“The path to finding your real voice is just one click away!”
“Find your true voice in just two days!”
“Seven steps to finding your authentic voice…”
Can we please stop now?
Despite what popular culture tells you, you’re not going to complete a survey, take a BuzzFeed quiz, or watch a series of 3-minute videos and then, suddenly, “find your voice.”
It’s just not going to happen, and it’s time to get real about what it takes to find your authentic voice.
What gurus, trainers, YouTubers, and BuzzFeed quiz developers don’t tell you is that finding your voice takes a boatload of hard work, consistent practice, and a healthy dose of the F-word.
Failure.
Those headlines that get you to click, watch, or buy the “perfect solution” are designed to lead you to what seems like an easy solution. The problem is there isn’t an easy solution that is a substitute for consistency, hard work, and, yes, failure.
As it turns out, “hard, super hard” and “will require a great deal of effort on your part” aren’t headlines that lead to clicks.
Finding your voice requires a consistent choice to work hard. To practice.

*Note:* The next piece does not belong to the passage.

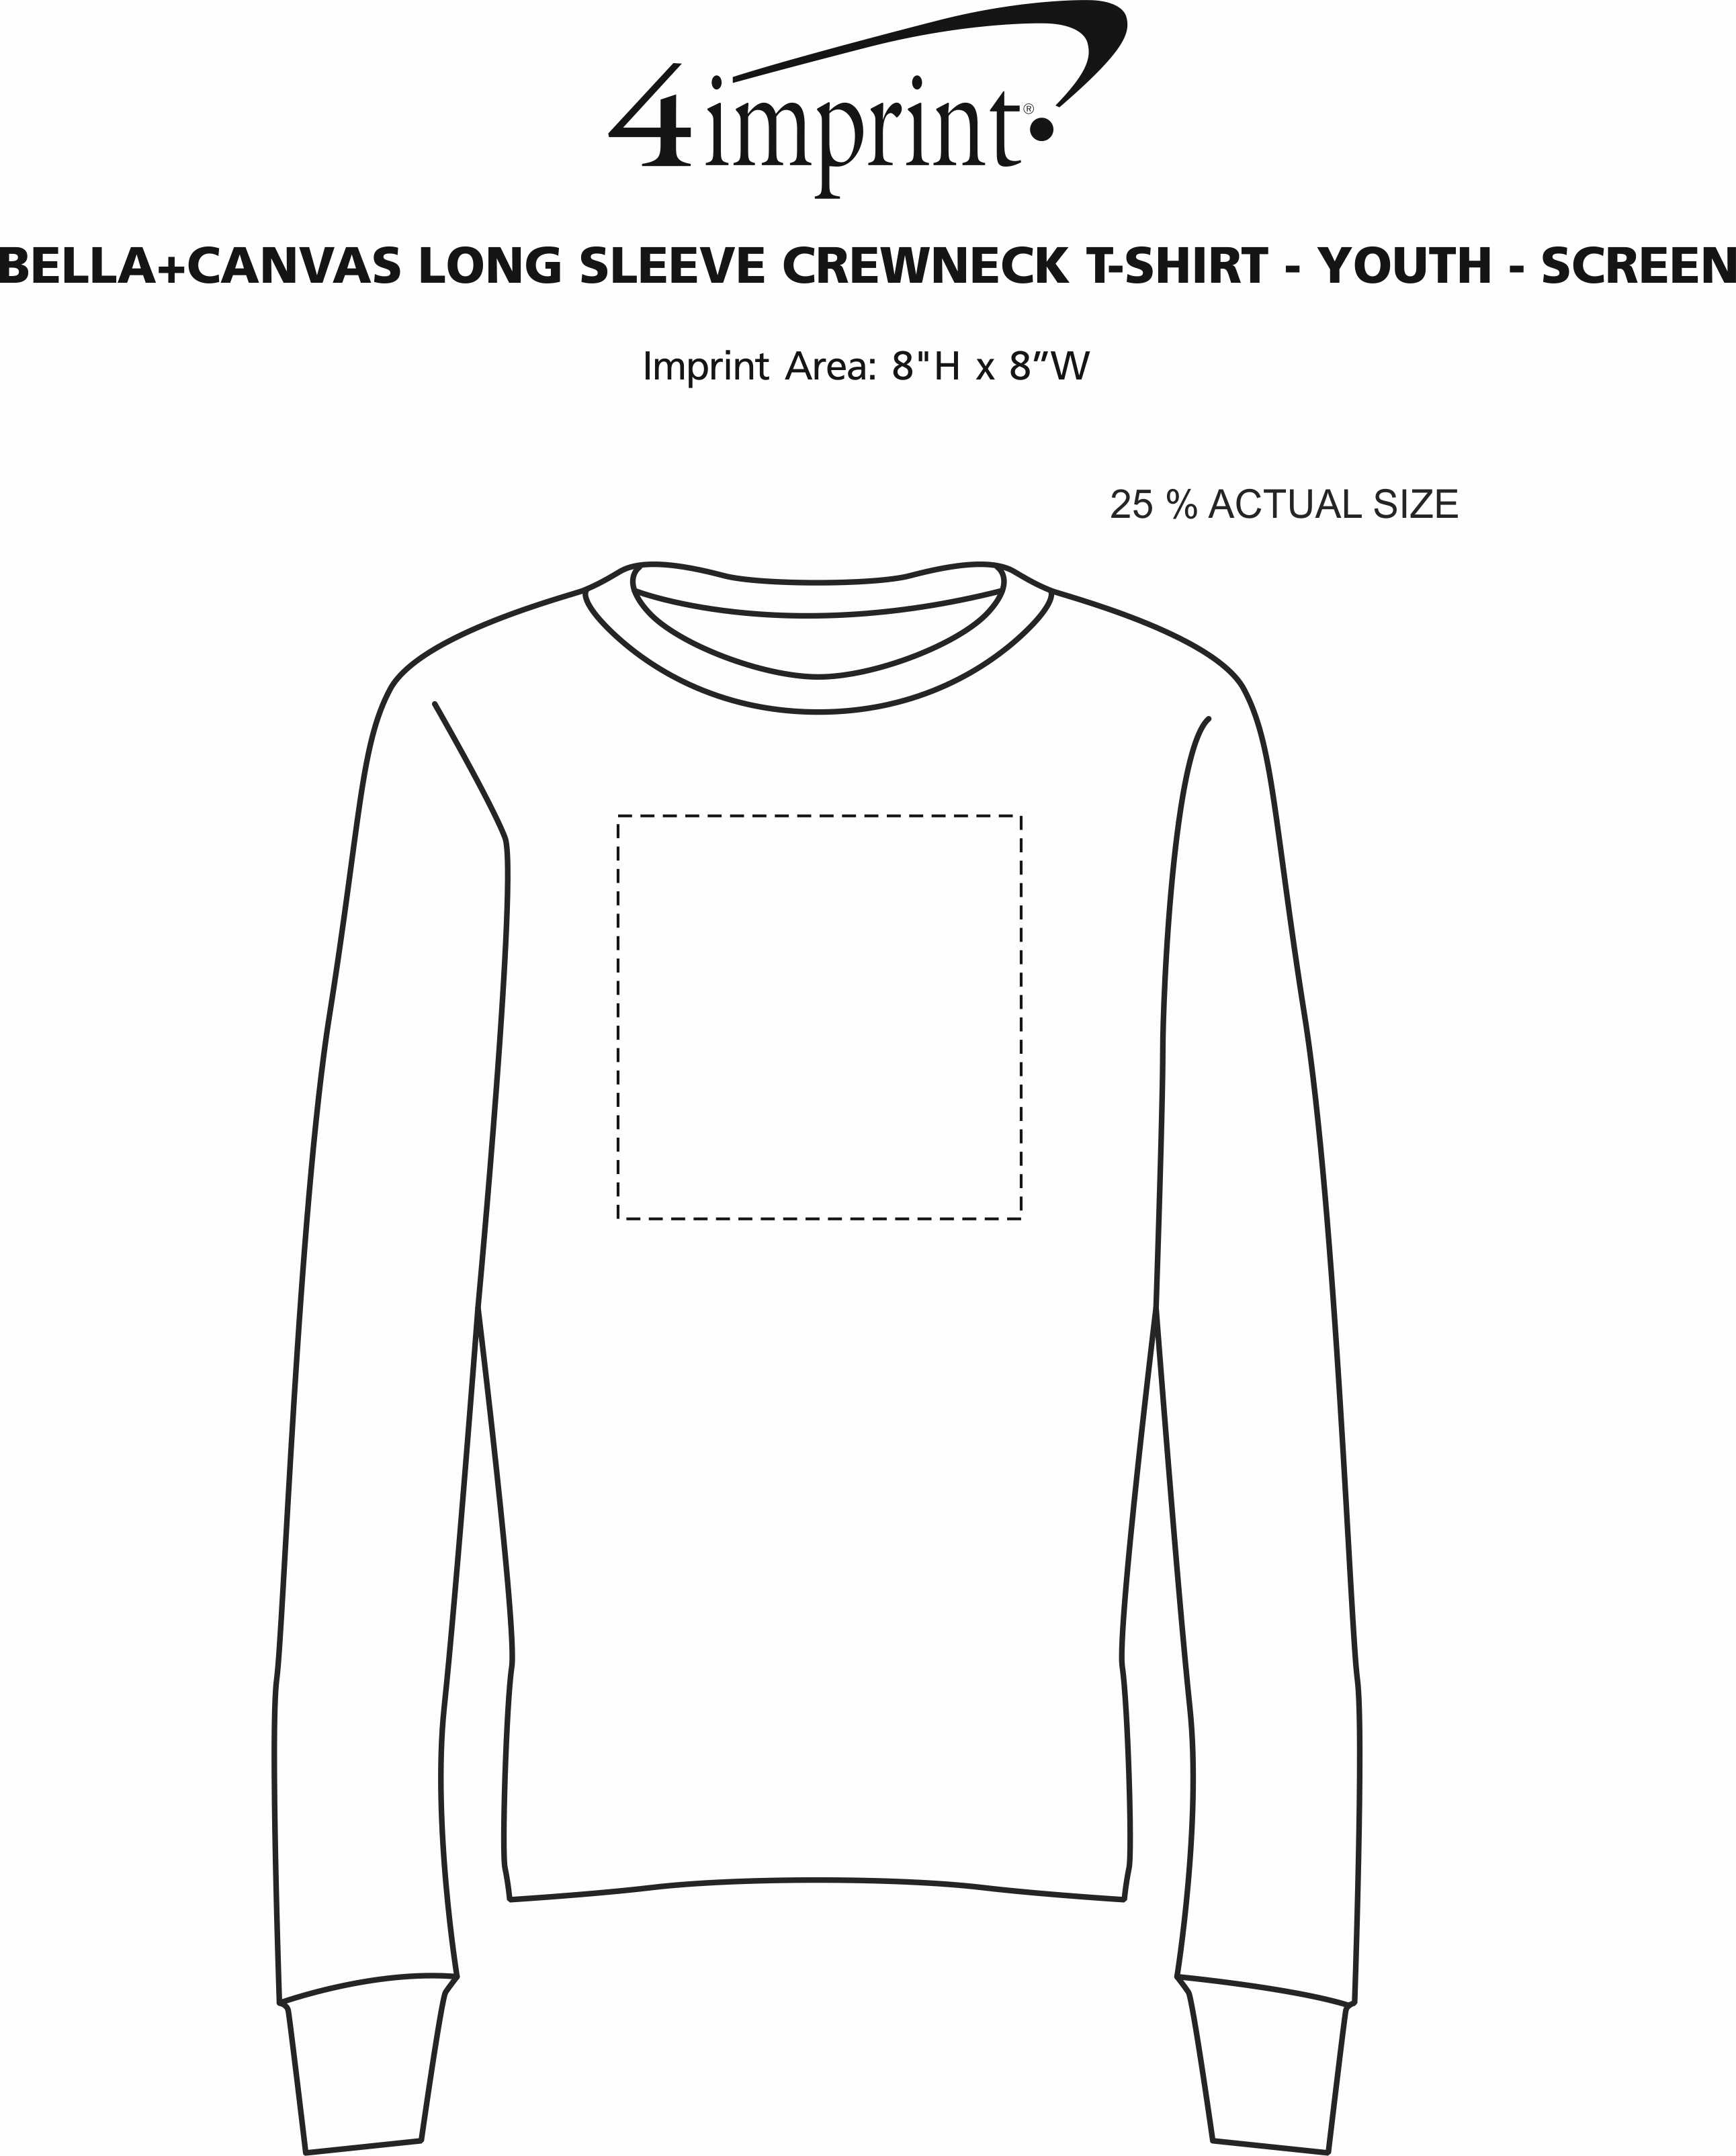 Imprint Area of Bella+Canvas Long Sleeve Crewneck T-Shirt - Youth - Screen

And to fail a time or two, all while learning from your failure.
The people you admire most, those who have a clear voice, have spent years working to achieve what you envy.
They’ve written (and rewritten) thousands of pages of information.

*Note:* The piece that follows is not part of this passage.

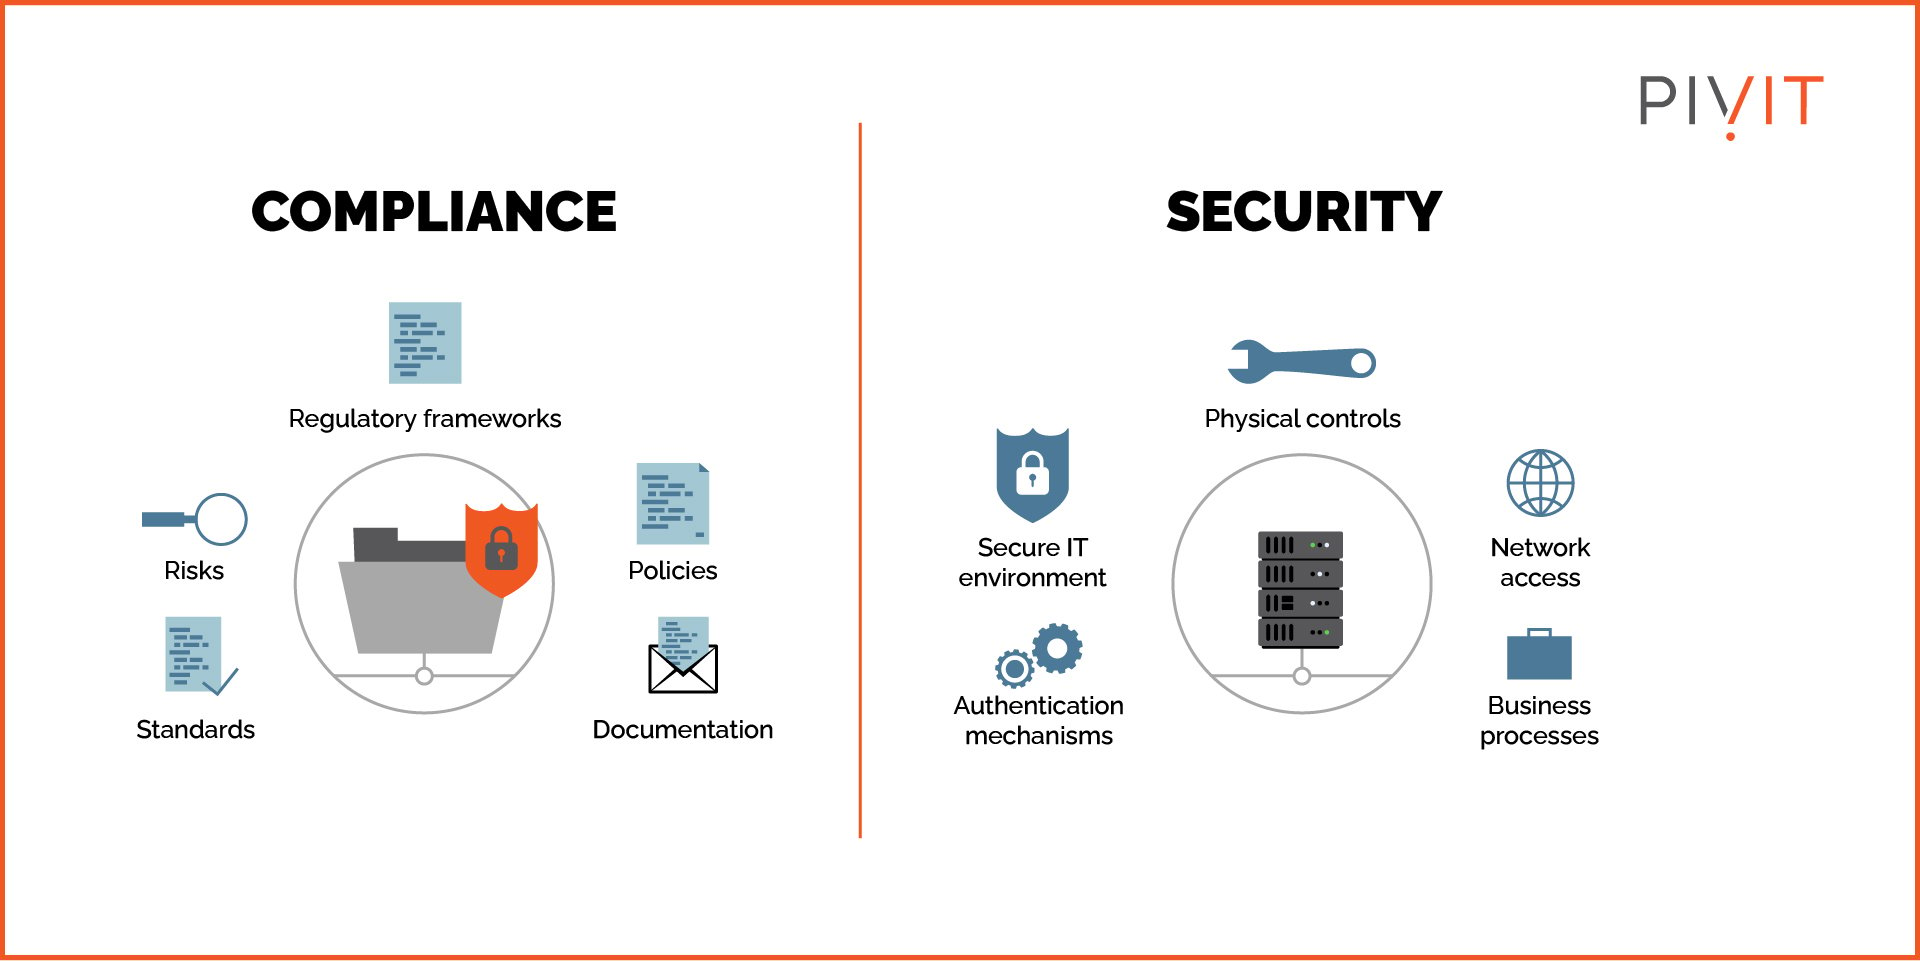 Compliance versus security parameters

They’ve spoken (and misspoken) more times than they care to admit and, yes, they have failed, failed again, then failed again but then…each time, gotten back up to try again.
For the folks who have told me they aspire to be the next Brené Brown, keep this in mind: Brené began her research on vulnerability in 2002. Her first TED talk on this topic—the one that launched her into the public eye—didn’t happen until 2010!
She’s been at this a long, long time and didn’t find her voice through an internet link but through consistent practice and hard work.
I don’t know about you, but I am tired of posts, articles, and videos that promise immediate success without the hard work that always goes with success.
The truth is if you want to find your voice, you’re going to have to do the work.
Consistently, accepting failure, and finding success along the way.